Records for this task START

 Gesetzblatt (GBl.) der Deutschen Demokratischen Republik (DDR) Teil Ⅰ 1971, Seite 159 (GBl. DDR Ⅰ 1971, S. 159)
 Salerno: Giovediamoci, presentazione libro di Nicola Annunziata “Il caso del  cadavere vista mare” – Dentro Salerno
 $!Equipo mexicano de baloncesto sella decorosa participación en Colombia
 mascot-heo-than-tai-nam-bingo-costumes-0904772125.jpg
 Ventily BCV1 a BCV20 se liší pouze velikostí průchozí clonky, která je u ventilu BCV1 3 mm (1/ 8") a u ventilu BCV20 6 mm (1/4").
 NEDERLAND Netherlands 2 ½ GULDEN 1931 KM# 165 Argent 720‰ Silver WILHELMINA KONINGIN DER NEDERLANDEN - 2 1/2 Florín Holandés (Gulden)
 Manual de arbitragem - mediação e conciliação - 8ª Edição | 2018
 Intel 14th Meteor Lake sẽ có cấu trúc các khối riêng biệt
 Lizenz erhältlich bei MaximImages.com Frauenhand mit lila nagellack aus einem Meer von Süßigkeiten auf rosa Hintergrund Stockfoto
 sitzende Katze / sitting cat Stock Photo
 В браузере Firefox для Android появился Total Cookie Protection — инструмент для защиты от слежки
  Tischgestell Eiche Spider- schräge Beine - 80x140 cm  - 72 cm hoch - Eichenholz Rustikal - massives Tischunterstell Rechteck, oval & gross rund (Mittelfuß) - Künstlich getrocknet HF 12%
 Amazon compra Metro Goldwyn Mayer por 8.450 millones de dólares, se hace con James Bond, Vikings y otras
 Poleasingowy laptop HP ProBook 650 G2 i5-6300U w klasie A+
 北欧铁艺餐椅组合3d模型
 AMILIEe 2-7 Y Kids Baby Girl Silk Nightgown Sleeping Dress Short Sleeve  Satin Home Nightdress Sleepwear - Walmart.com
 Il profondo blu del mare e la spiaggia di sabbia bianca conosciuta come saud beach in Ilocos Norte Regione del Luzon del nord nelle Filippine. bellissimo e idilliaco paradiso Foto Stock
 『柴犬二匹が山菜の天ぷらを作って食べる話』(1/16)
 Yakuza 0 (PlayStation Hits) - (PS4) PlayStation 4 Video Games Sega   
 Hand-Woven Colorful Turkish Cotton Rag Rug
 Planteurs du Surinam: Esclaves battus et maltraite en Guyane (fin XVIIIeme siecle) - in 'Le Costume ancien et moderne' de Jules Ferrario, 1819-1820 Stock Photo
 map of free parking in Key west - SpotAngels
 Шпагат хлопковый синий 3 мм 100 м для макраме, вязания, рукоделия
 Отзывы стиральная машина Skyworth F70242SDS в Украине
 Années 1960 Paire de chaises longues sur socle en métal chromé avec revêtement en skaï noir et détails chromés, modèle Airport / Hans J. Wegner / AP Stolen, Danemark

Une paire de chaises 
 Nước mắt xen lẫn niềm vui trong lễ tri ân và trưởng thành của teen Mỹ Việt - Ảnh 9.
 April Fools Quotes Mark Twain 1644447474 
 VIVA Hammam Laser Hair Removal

Records for this task END

** Task brief **
Restate all of the entries above precisely.

** Solution for this problem **
 Gesetzblatt (GBl.) der Deutschen Demokratischen Republik (DDR) Teil Ⅰ 1971, Seite 159 (GBl. DDR Ⅰ 1971, S. 159)
 Salerno: Giovediamoci, presentazione libro di Nicola Annunziata “Il caso del  cadavere vista mare” – Dentro Salerno
 $!Equipo mexicano de baloncesto sella decorosa participación en Colombia
 mascot-heo-than-tai-nam-bingo-costumes-0904772125.jpg
 Ventily BCV1 a BCV20 se liší pouze velikostí průchozí clonky, která je u ventilu BCV1 3 mm (1/ 8") a u ventilu BCV20 6 mm (1/4").
 NEDERLAND Netherlands 2 ½ GULDEN 1931 KM# 165 Argent 720‰ Silver WILHELMINA KONINGIN DER NEDERLANDEN - 2 1/2 Florín Holandés (Gulden)
 Manual de arbitragem - mediação e conciliação - 8ª Edição | 2018
 Intel 14th Meteor Lake sẽ có cấu trúc các khối riêng biệt
 Lizenz erhältlich bei MaximImages.com Frauenhand mit lila nagellack aus einem Meer von Süßigkeiten auf rosa Hintergrund Stockfoto
 sitzende Katze / sitting cat Stock Photo
 В браузере Firefox для Android появился Total Cookie Protection — инструмент для защиты от слежки
  Tischgestell Eiche Spider- schräge Beine - 80x140 cm  - 72 cm hoch - Eichenholz Rustikal - massives Tischunterstell Rechteck, oval & gross rund (Mittelfuß) - Künstlich getrocknet HF 12%
 Amazon compra Metro Goldwyn Mayer por 8.450 millones de dólares, se hace con James Bond, Vikings y otras
 Poleasingowy laptop HP ProBook 650 G2 i5-6300U w klasie A+
 北欧铁艺餐椅组合3d模型
 AMILIEe 2-7 Y Kids Baby Girl Silk Nightgown Sleeping Dress Short Sleeve  Satin Home Nightdress Sleepwear - Walmart.com
 Il profondo blu del mare e la spiaggia di sabbia bianca conosciuta come saud beach in Ilocos Norte Regione del Luzon del nord nelle Filippine. bellissimo e idilliaco paradiso Foto Stock
 『柴犬二匹が山菜の天ぷらを作って食べる話』(1/16)
 Yakuza 0 (PlayStation Hits) - (PS4) PlayStation 4 Video Games Sega   
 Hand-Woven Colorful Turkish Cotton Rag Rug
 Planteurs du Surinam: Esclaves battus et maltraite en Guyane (fin XVIIIeme siecle) - in 'Le Costume ancien et moderne' de Jules Ferrario, 1819-1820 Stock Photo
 map of free parking in Key west - SpotAngels
 Шпагат хлопковый синий 3 мм 100 м для макраме, вязания, рукоделия
 Отзывы стиральная машина Skyworth F70242SDS в Украине
 Années 1960 Paire de chaises longues sur socle en métal chromé avec revêtement en skaï noir et détails chromés, modèle Airport / Hans J. Wegner / AP Stolen, Danemark

Une paire de chaises 
 Nước mắt xen lẫn niềm vui trong lễ tri ân và trưởng thành của teen Mỹ Việt - Ảnh 9.
 April Fools Quotes Mark Twain 1644447474 
 VIVA Hammam Laser Hair Removal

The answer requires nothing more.